**Assignment**
Working from the records below, repeat exactly the lines starting at the line that contains "Ein ganztägiges Frühstück/Brunch" and ending at the line that contains "PATONG, Tailandia - 1", inclusive.

**Records to use**

>>>>

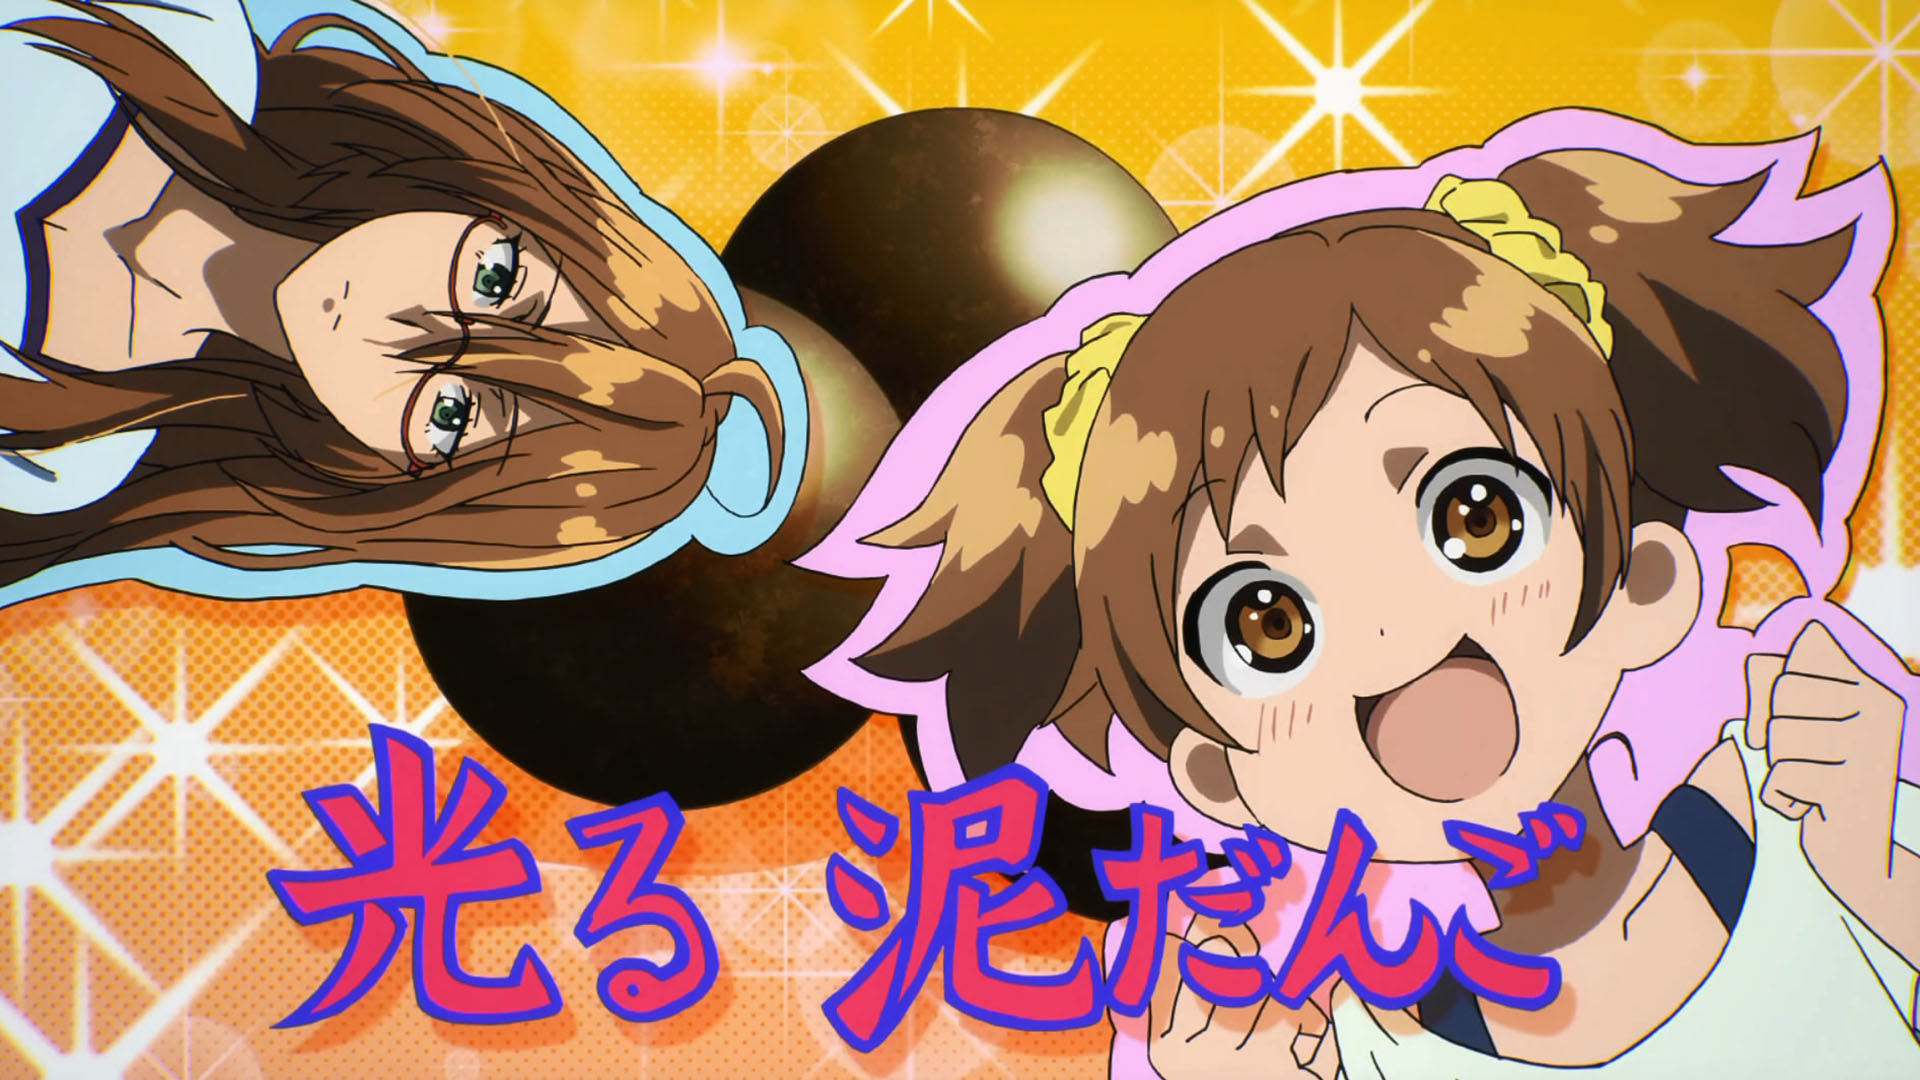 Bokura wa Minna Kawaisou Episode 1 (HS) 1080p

<<<<
>>>>

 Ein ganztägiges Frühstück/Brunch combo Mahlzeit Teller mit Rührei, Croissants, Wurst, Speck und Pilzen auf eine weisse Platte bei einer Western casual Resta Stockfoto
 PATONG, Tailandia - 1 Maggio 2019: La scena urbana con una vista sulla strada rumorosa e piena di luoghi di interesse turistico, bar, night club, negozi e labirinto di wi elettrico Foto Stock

<<<<

**Response area**
 Ein ganztägiges Frühstück/Brunch combo Mahlzeit Teller mit Rührei, Croissants, Wurst, Speck und Pilzen auf eine weisse Platte bei einer Western casual Resta Stockfoto
 PATONG, Tailandia - 1 Maggio 2019: La scena urbana con una vista sulla strada rumorosa e piena di luoghi di interesse turistico, bar, night club, negozi e labirinto di wi elettrico Foto Stock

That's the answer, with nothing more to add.